Data excerpt |

........

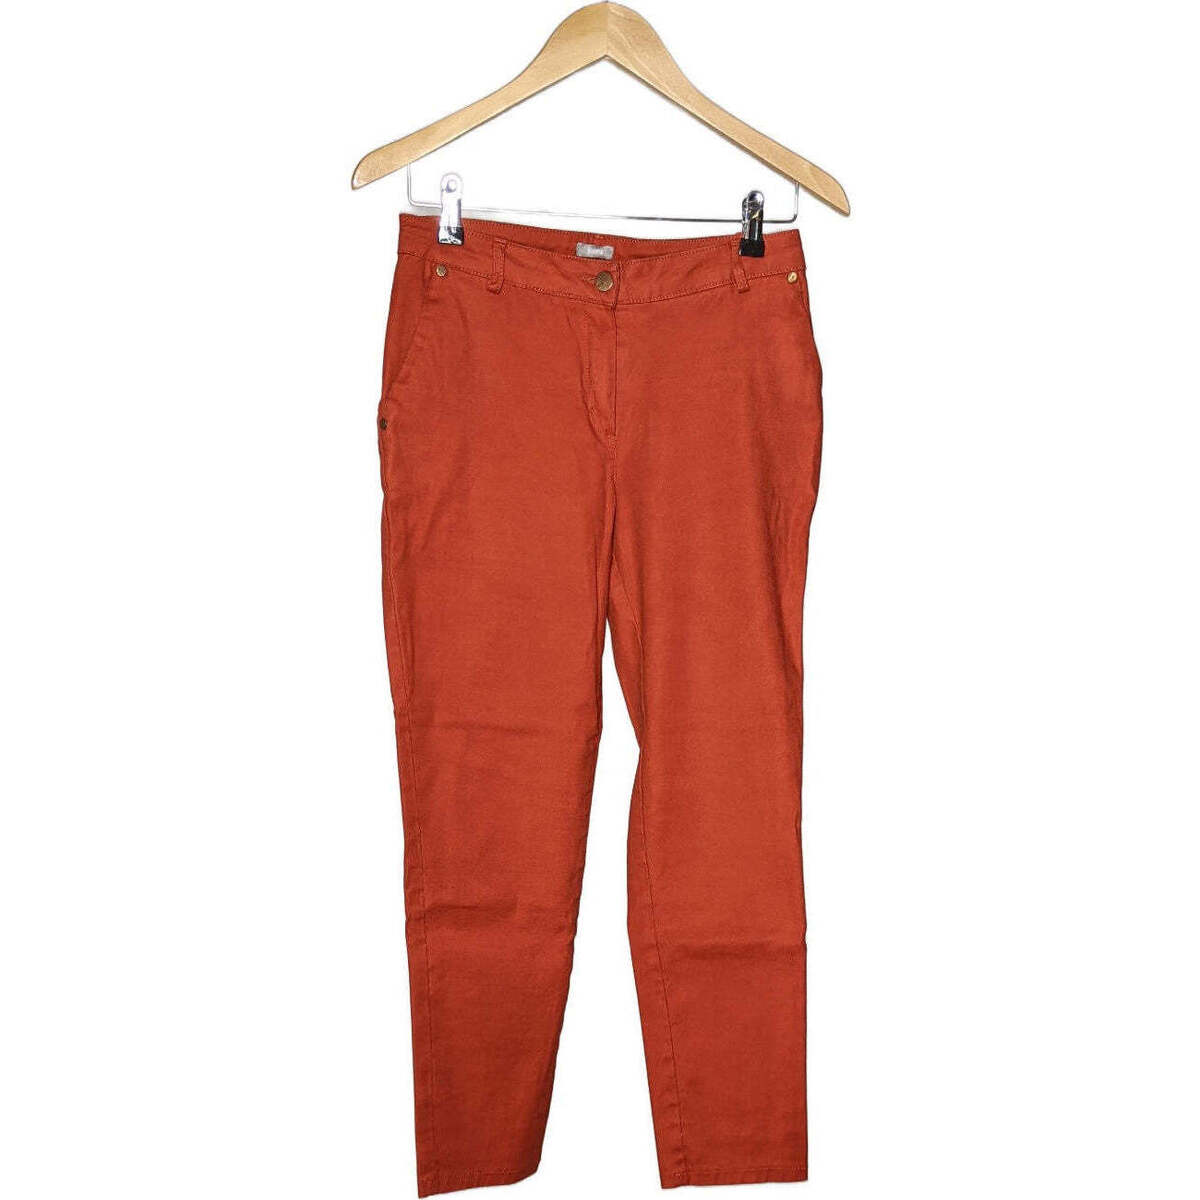 Vêtements Femme Pantalons Formul 36 - T1 - S Orange
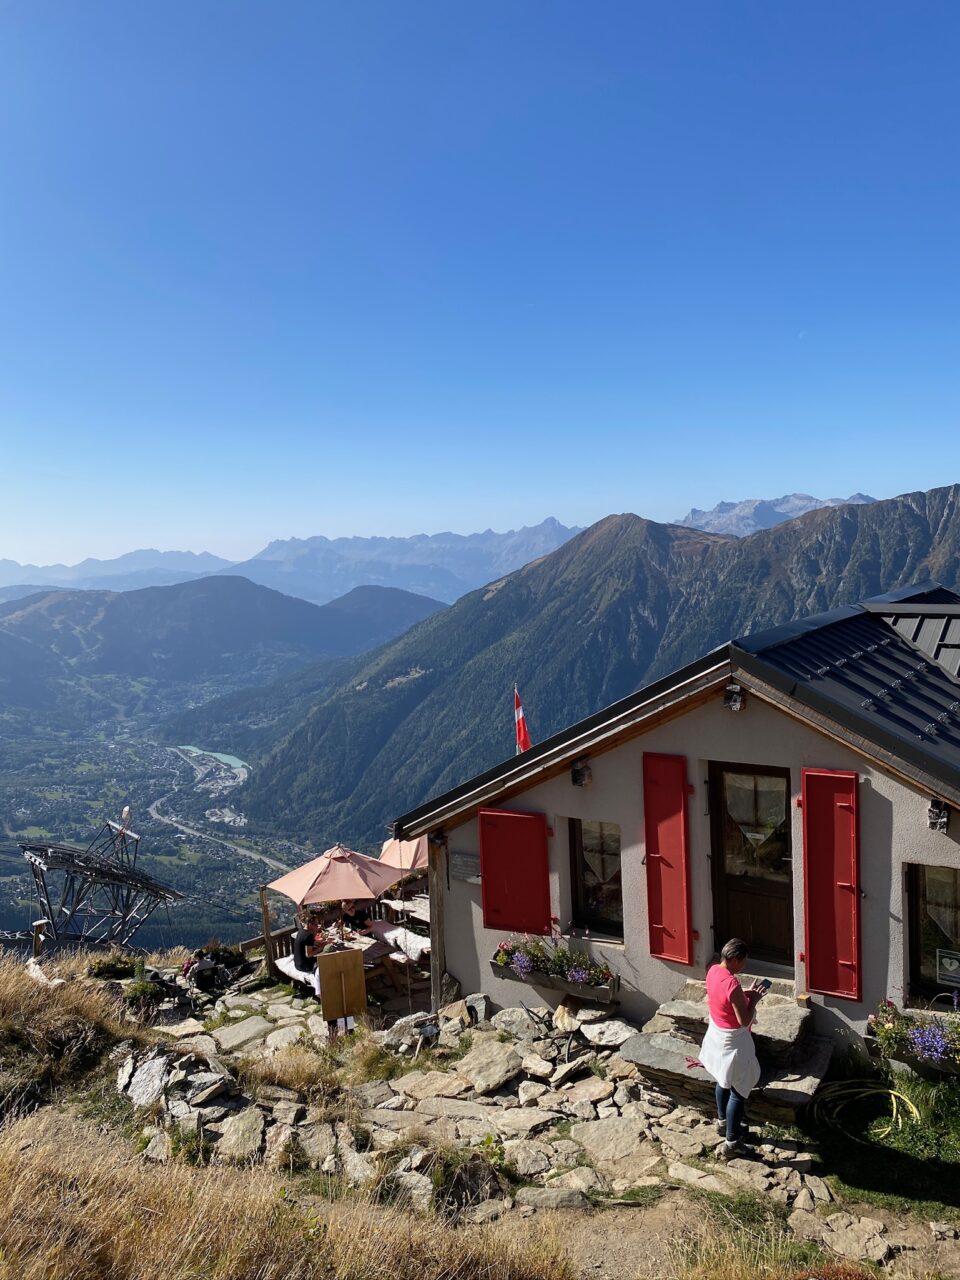 Hyggelig fjellstue med vakker utsikt over kupert landskap. Foto
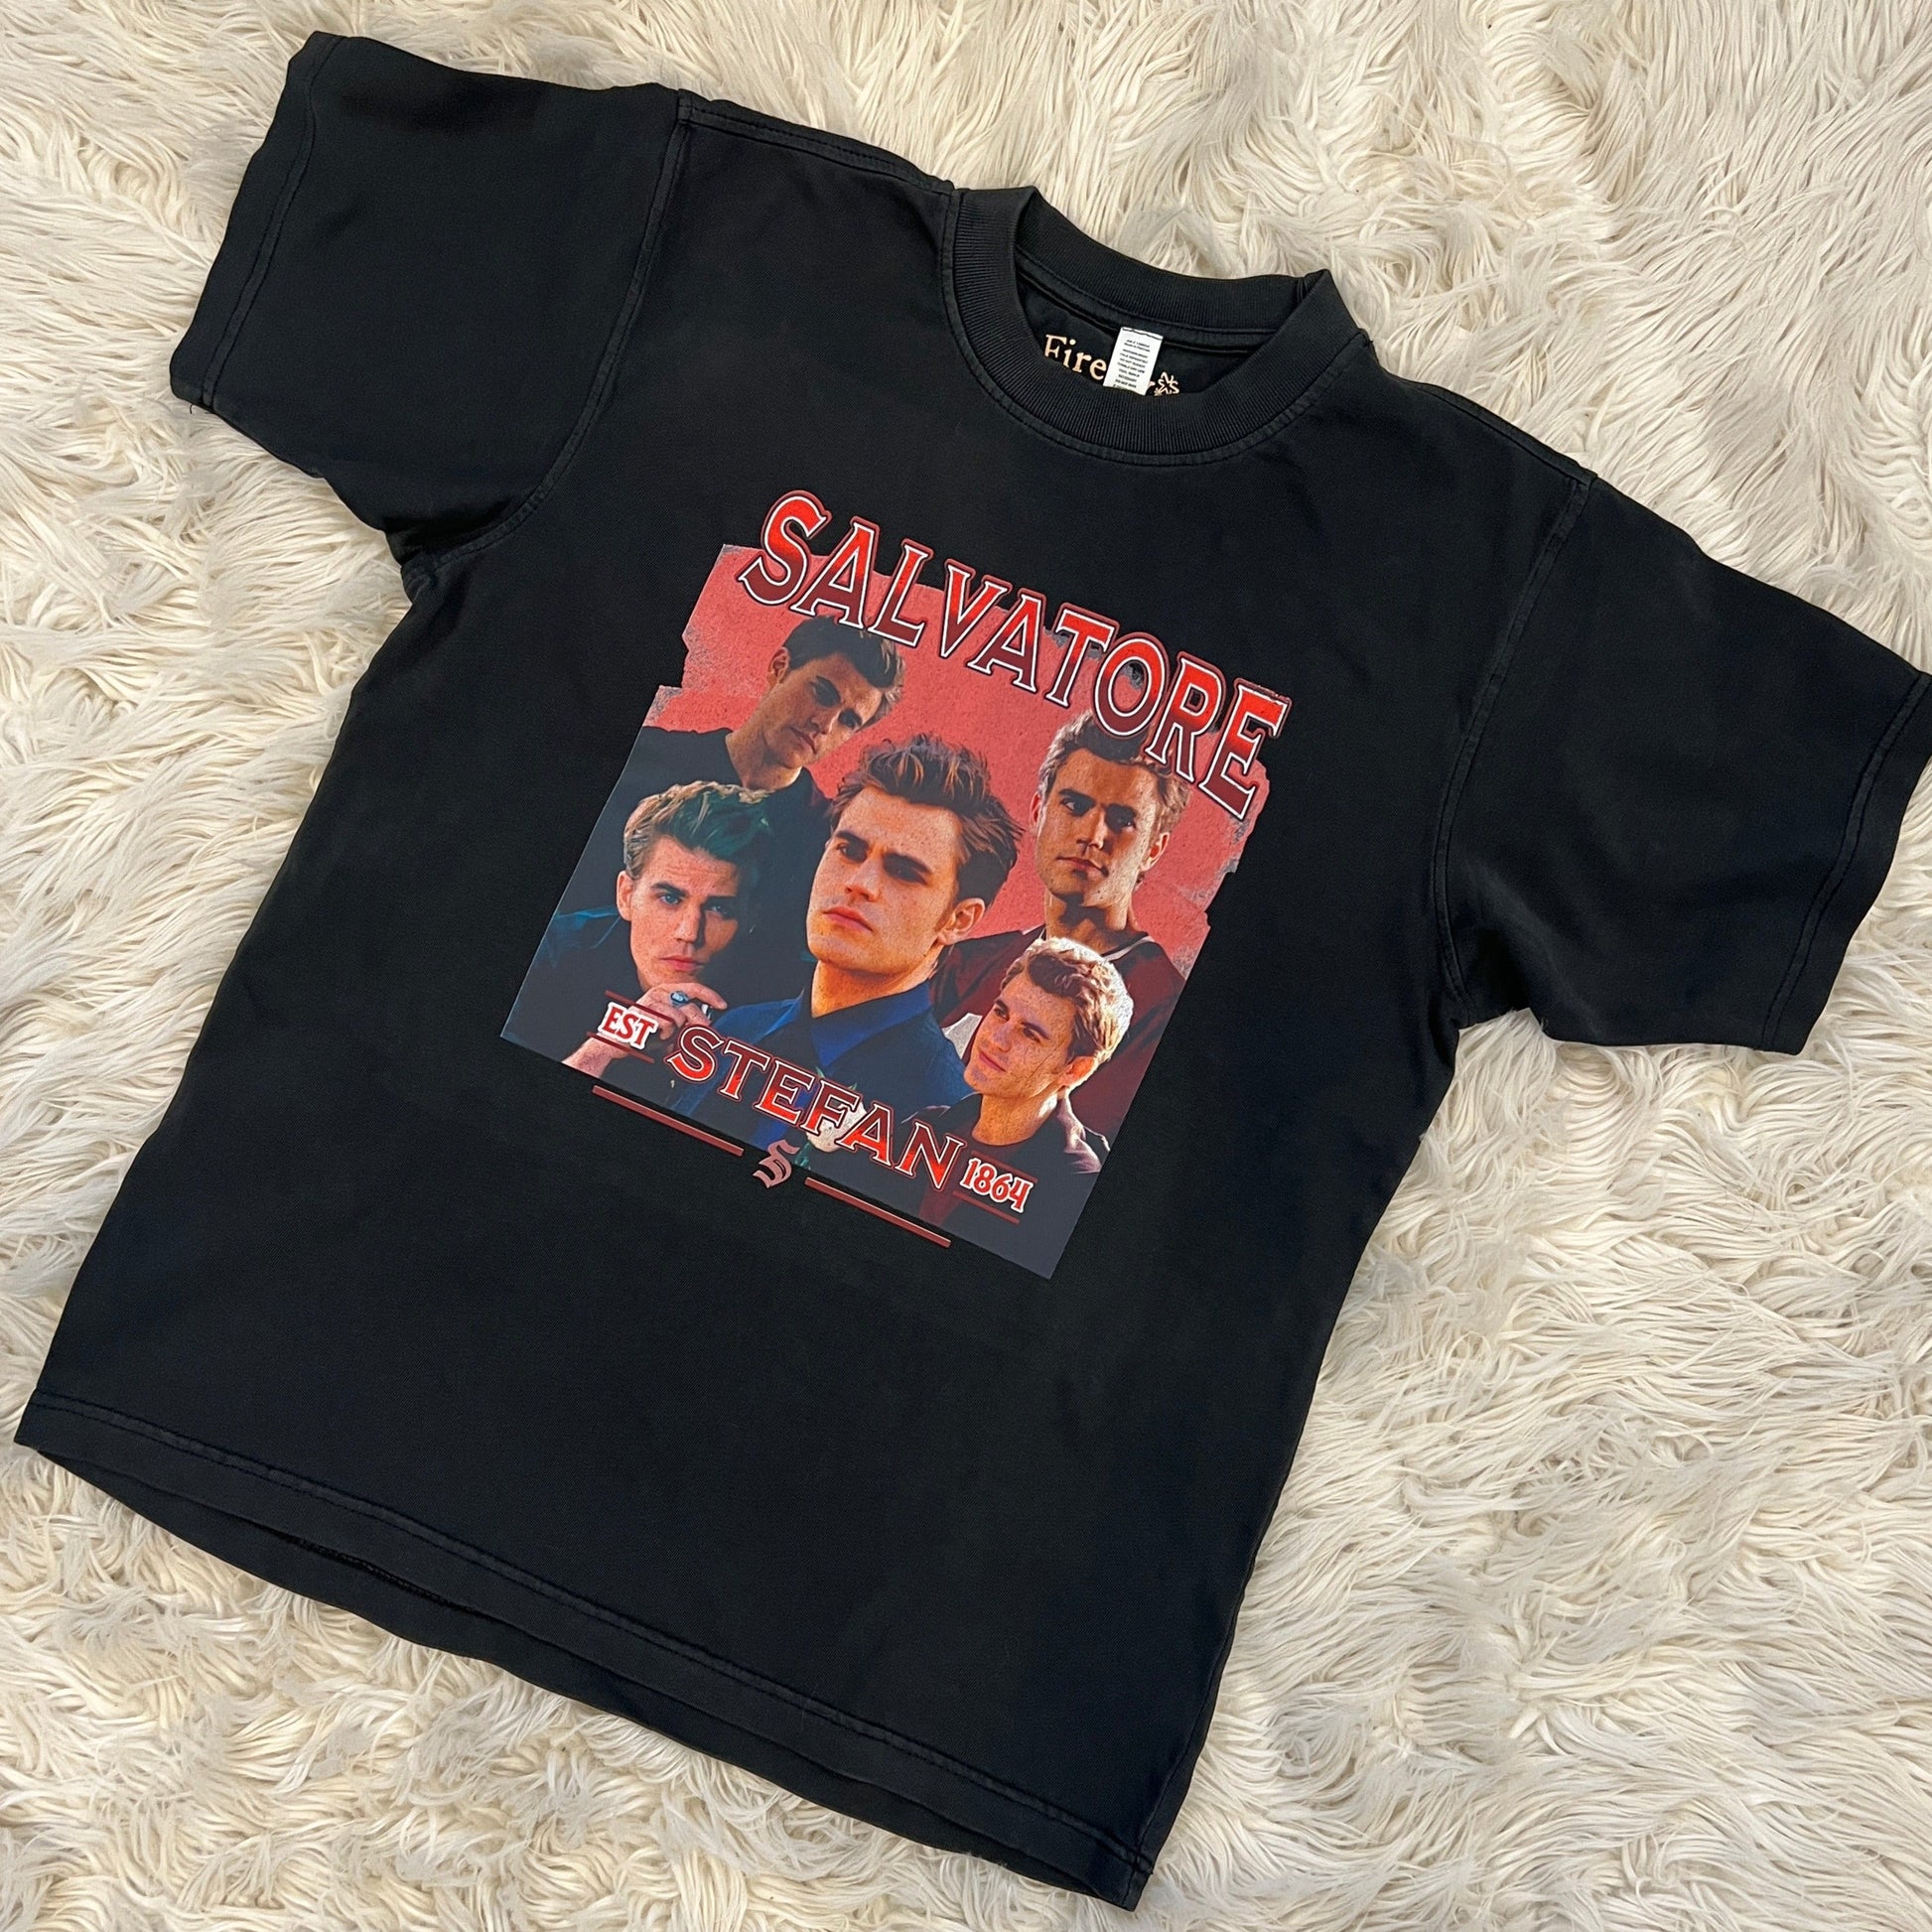 Stefan Salvatore Bootleg T-Shirt Xs / Black Full T-Shirt

........

What the exercise asks |
Reproduce all the data as it stands. The pictures are not part of the copy.

Solution to this task |
 Vêtements Femme Pantalons Formul 36 - T1 - S Orange
 Hyggelig fjellstue med vakker utsikt over kupert landskap. Foto
 Stefan Salvatore Bootleg T-Shirt Xs / Black Full T-Shirt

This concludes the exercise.